Harmony ran to the tattered screen door, flung it open, and found her younger sister, Melody, putting water on to boil for a head of cabbage. Harmony grabbed her sister and twirled her around yelling, “I made it!” Melody began to shriek and jump up and down holding hands with her sister. Horace Beauchamp exited from his bedroom where he’d been napping since he was always fishing for his livelihood when the sun came up.
“What’s all this racket out here?” He asked.
Harmony approached her father while Melody and BeBe stayed in the kitchen clearly worried about his reaction to what they considered glorious news.
Harmony said cautiously, “Daddy, I made cheerleader.”
“Well, good for you but won’t that cost a lot of money?” Horace sputtered, clearly annoyed.

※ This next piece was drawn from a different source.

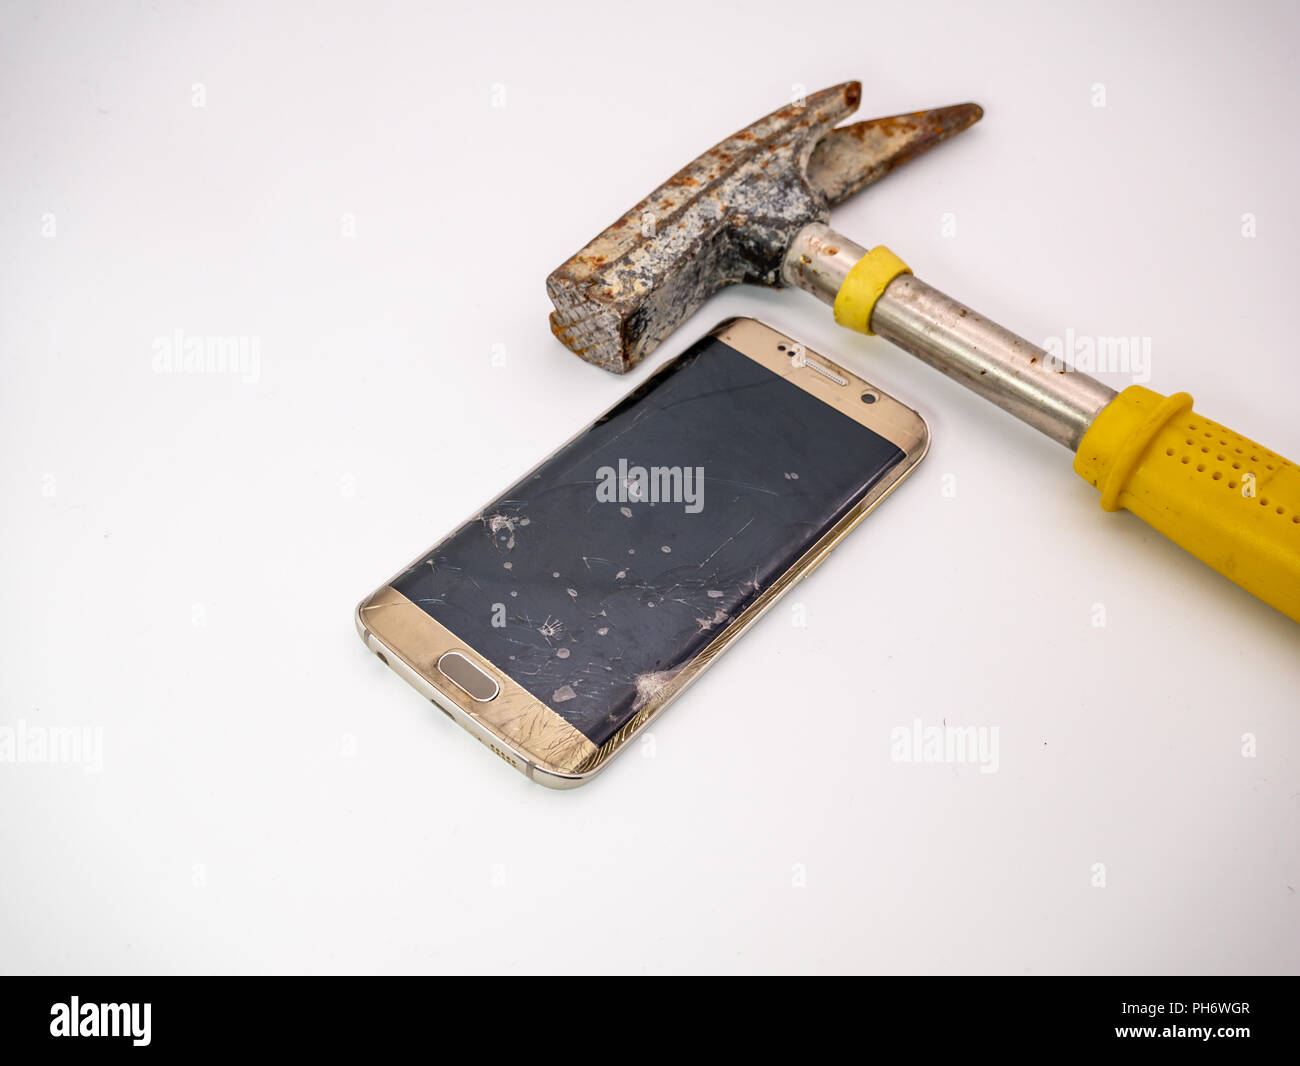 Danneggiato del display dello smartphone con il martello accanto ad esso Foto Stock

“I don’t think so,” answered Harmony. “except for maybe paying for my uniform.”
“Well, we barely have enough money for food since ya Momma runned off. Not that she made much at the Food World, but it helped.”
“But Daddy,” protested Harmony. “Please, this is really important.”
Horace retorted, “More important than eatin’? Go cry to your Momma. The answer is no.”
Ever since Myrna Beauchamp had run off with a door to door salesman hawking life insurance, Horace had been bitter and took out his anger on his two daughters who looked remarkably like their mother.
The salesman would come by and woo Myrna at the grocery store where she was a check out lady. When Myrna confided in him that had she not gotten pregnant with Harmony and married Horace Beauchamp, she would have liked to have moved to Nashville and tried her hand at making it as a singer. Myrna wrote her own songs and would serenade Horace and the children as she made supper every night. The shifty salesman convinced Myrna he had a brother in Nashville in the recording business and she walked out of Food World one day with Lindy Maddox, convinced that she would become a star and come back to get Harmony and Melody to live in her fine home in Nashville. Lindy took his time getting to Nashville and stopped in various and sundry cheap motels along the way, all the while painting pictures of his brother’s recording studio and rubbing elbows with producers and famous recording artists on a daily basis to the naïve Myrna.
It was late at night when the runaway lovers arrived on the outskirts of Nashville. Lindon announced he was out of cigarettes and that he was going to a convenience store up the road. After three hours Myrna Beauchamp knew the jig was up for her and Lindon and any dreams of becoming a star and pulling her daughters from the grips of poverty were now over. She took some meager earnings she had hidden in a dress pocket and bought a bus ticket to Raleigh where her sister lived. The last Harmony heard of her mother was that she had “taken to the bed” and tried to numb her pain of betrayal and lost hope with large tumblers of straight Wild Turkey Bourbon. Horace’s death threats if she pursued custody of their children had put an end to the thought of ever seeing her girls again anytime soon.